::: Data shown

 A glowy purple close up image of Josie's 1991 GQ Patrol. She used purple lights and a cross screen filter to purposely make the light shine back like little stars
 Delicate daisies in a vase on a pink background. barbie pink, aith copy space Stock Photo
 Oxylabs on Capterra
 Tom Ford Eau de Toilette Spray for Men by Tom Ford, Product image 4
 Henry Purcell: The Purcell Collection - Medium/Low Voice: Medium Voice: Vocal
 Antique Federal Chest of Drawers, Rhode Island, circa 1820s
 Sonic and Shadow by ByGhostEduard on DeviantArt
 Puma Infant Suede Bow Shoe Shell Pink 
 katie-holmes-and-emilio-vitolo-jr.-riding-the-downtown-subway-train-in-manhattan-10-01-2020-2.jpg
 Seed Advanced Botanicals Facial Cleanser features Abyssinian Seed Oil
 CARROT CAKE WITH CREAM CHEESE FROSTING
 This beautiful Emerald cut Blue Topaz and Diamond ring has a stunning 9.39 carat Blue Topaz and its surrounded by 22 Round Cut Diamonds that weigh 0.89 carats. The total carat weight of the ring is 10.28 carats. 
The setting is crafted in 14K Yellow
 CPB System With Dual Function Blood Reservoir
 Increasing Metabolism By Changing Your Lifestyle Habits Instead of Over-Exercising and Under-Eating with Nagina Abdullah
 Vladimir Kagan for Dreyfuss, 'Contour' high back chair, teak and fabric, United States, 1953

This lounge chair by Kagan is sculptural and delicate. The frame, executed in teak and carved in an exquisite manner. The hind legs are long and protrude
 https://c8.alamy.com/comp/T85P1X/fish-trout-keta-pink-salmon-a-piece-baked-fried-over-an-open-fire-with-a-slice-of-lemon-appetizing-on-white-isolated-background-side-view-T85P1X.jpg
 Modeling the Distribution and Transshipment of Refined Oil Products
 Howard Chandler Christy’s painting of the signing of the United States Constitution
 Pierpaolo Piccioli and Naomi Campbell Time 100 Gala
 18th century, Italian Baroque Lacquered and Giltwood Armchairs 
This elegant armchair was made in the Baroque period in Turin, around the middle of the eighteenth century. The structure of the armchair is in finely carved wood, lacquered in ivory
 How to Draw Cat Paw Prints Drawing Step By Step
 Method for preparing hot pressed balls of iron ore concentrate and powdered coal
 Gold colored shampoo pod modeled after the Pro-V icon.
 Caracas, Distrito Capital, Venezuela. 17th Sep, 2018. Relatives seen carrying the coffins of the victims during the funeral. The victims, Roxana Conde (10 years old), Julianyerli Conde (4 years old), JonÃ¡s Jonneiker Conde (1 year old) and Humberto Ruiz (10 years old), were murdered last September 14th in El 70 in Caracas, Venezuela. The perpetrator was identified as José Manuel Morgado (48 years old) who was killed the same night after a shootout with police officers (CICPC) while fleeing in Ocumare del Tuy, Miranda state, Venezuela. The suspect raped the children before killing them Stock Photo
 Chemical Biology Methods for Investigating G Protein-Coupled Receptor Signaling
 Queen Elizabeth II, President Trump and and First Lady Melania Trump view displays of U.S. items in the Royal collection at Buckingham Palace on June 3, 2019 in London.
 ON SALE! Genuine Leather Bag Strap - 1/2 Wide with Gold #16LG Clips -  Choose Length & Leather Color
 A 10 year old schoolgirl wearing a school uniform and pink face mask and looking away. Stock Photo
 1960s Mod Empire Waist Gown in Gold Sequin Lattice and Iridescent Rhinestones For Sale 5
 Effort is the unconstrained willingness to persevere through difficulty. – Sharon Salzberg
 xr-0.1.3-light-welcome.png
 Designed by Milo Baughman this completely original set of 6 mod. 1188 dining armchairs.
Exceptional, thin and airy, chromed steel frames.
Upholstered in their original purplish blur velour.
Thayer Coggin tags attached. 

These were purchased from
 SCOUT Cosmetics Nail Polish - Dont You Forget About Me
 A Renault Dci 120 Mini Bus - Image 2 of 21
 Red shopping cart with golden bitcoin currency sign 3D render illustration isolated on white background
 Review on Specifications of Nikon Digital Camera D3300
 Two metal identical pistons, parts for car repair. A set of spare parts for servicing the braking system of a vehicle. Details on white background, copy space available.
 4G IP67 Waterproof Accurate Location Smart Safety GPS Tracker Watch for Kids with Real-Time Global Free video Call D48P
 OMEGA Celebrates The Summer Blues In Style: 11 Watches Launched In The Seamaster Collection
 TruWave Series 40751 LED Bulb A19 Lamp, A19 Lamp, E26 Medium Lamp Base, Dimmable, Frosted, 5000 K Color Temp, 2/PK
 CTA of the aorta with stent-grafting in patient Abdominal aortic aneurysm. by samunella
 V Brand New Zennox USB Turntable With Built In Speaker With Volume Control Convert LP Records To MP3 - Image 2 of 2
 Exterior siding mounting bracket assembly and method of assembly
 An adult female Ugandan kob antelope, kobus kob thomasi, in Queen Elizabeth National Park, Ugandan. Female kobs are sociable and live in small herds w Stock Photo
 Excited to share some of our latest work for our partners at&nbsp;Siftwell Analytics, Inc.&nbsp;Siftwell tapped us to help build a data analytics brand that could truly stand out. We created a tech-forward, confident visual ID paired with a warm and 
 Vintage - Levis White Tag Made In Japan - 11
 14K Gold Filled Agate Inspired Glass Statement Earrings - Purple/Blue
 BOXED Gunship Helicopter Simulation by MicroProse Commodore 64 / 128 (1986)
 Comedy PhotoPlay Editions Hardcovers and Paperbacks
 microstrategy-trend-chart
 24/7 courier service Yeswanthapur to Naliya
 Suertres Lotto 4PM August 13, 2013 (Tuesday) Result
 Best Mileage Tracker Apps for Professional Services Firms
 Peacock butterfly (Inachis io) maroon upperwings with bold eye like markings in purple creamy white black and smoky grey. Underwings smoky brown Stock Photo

::::::

→ **Activity**
Give the lines again, exactly as they stand, from the beginning of the data through the line with "This lounge chair".

→ **Answer box**
 A glowy purple close up image of Josie's 1991 GQ Patrol. She used purple lights and a cross screen filter to purposely make the light shine back like little stars
 Delicate daisies in a vase on a pink background. barbie pink, aith copy space Stock Photo
 Oxylabs on Capterra
 Tom Ford Eau de Toilette Spray for Men by Tom Ford, Product image 4
 Henry Purcell: The Purcell Collection - Medium/Low Voice: Medium Voice: Vocal
 Antique Federal Chest of Drawers, Rhode Island, circa 1820s
 Sonic and Shadow by ByGhostEduard on DeviantArt
 Puma Infant Suede Bow Shoe Shell Pink 
 katie-holmes-and-emilio-vitolo-jr.-riding-the-downtown-subway-train-in-manhattan-10-01-2020-2.jpg
 Seed Advanced Botanicals Facial Cleanser features Abyssinian Seed Oil
 CARROT CAKE WITH CREAM CHEESE FROSTING
 This beautiful Emerald cut Blue Topaz and Diamond ring has a stunning 9.39 carat Blue Topaz and its surrounded by 22 Round Cut Diamonds that weigh 0.89 carats. The total carat weight of the ring is 10.28 carats. 
The setting is crafted in 14K Yellow
 CPB System With Dual Function Blood Reservoir
 Increasing Metabolism By Changing Your Lifestyle Habits Instead of Over-Exercising and Under-Eating with Nagina Abdullah
 Vladimir Kagan for Dreyfuss, 'Contour' high back chair, teak and fabric, United States, 1953

This lounge chair by Kagan is sculptural and delicate. The frame, executed in teak and carved in an exquisite manner. The hind legs are long and protrude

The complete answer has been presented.